The earliest use of the phrase “Jacobsthal numbers” I could find was in another paper by Horadam, “Jacobsthal and Pell Curves,” in The Fibonacci Quarterly 26 (1988), 77-83. This paper also cites the original paper by Jacobsthal. (The Jacobsthal paper is also cited in a paper by Bergum, Bennett, Horadam and Moore, “Jacobsthal Polynomials and a Conjecture Concerning Fibonacci-like Matrices,” in FQ 23 (1985), 240-248, with a nice historical note.)

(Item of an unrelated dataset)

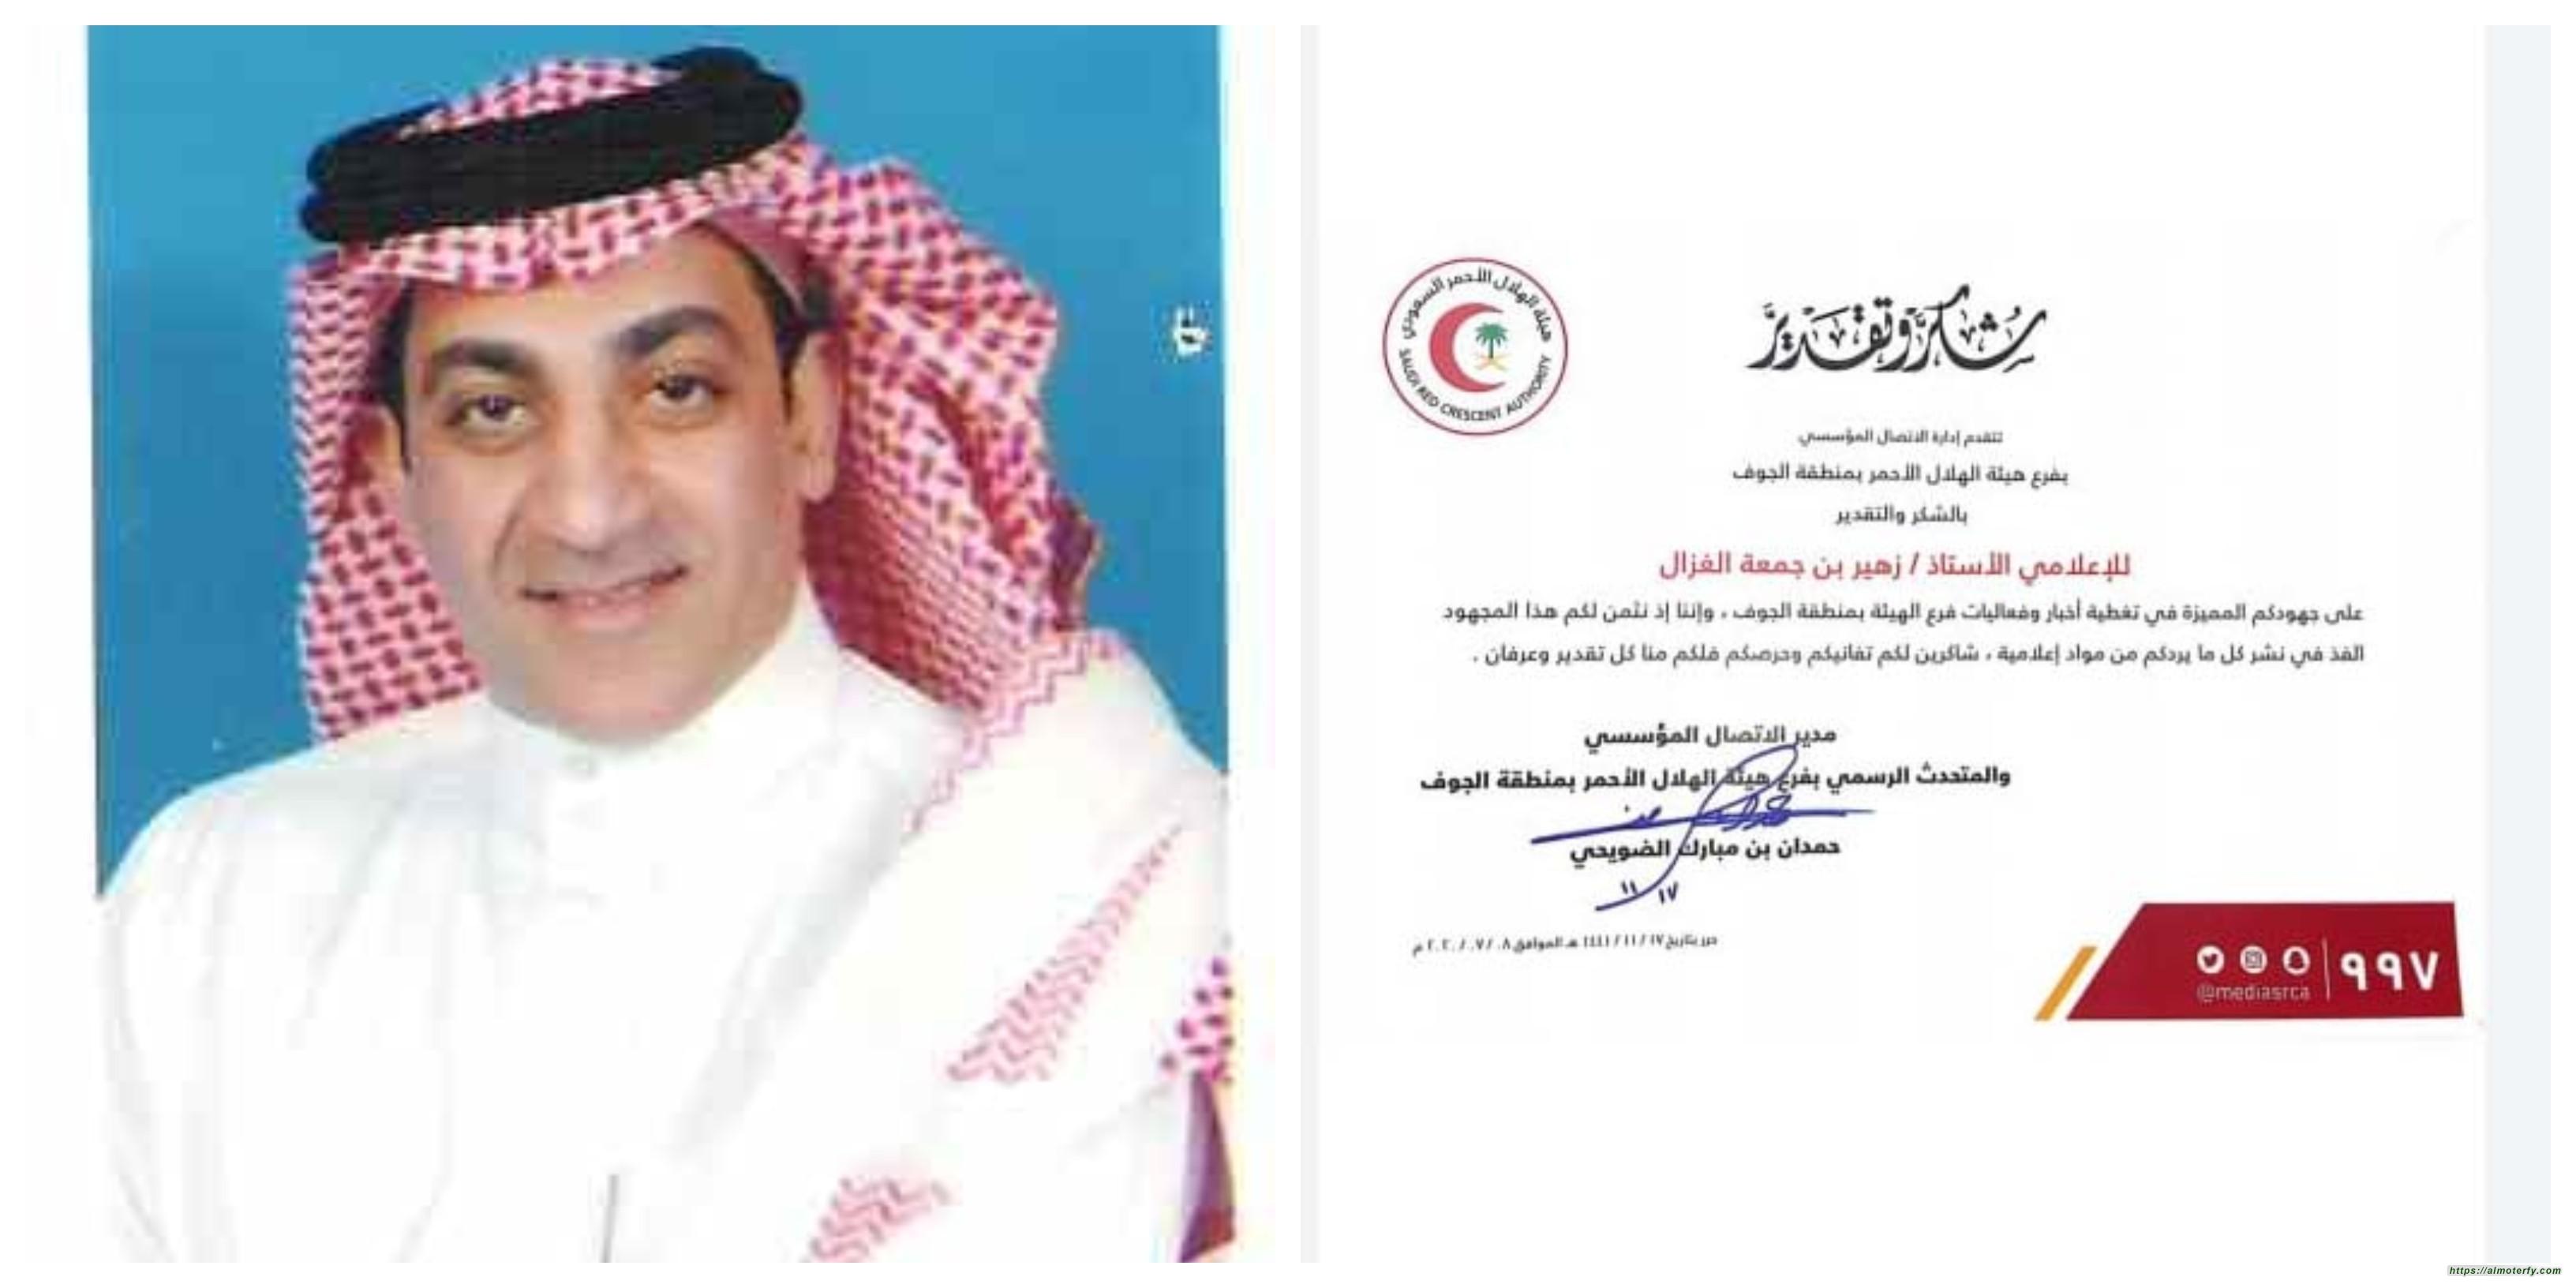 هيئة الهلال الأحمر السعودي بالجوف تكرم الزميل الإعلامي زهير الغزال

Prior to the Horadam paper, there are numerous appearances of the phrase “Jacobsthal polynomials” (the earliest I could find is by Hoggatt and Bicknell, in “Convolution Triangles,” FQ 10 (1972), 599-608), but none of the papers I’ve looked at is clearly the Ur-spring for the terminology. The sequence 1,3,5,11,21,… even shows up in some of these papers, but is not singled out or named. Curiously, the sequence is explicitly studied, but not named (nor Jacobsthal even mentioned), in another FQ (1972) paper by Hoggatt and two other co-authors, one issue earlier than the Hoggatt/Bicknell paper. The first appearance of the sequence in connection with Jacobsthal polynomials is in an FQ (1978) paper by Hoggatt and Bicknell (by then Bicknell-Johnson), where it’s part of an array of numbers.

Unfortunately FQ is not part of JSTOR (although it does have its own online index), so it’s hard to be sure I haven’t missed something. (JSTOR has nothing to offer under either “Jacobsthal number” or “Jacobsthal polynomial.” MathSciNet returns nothing earlier than 1978.) I’m afraid this is the best I can do for now.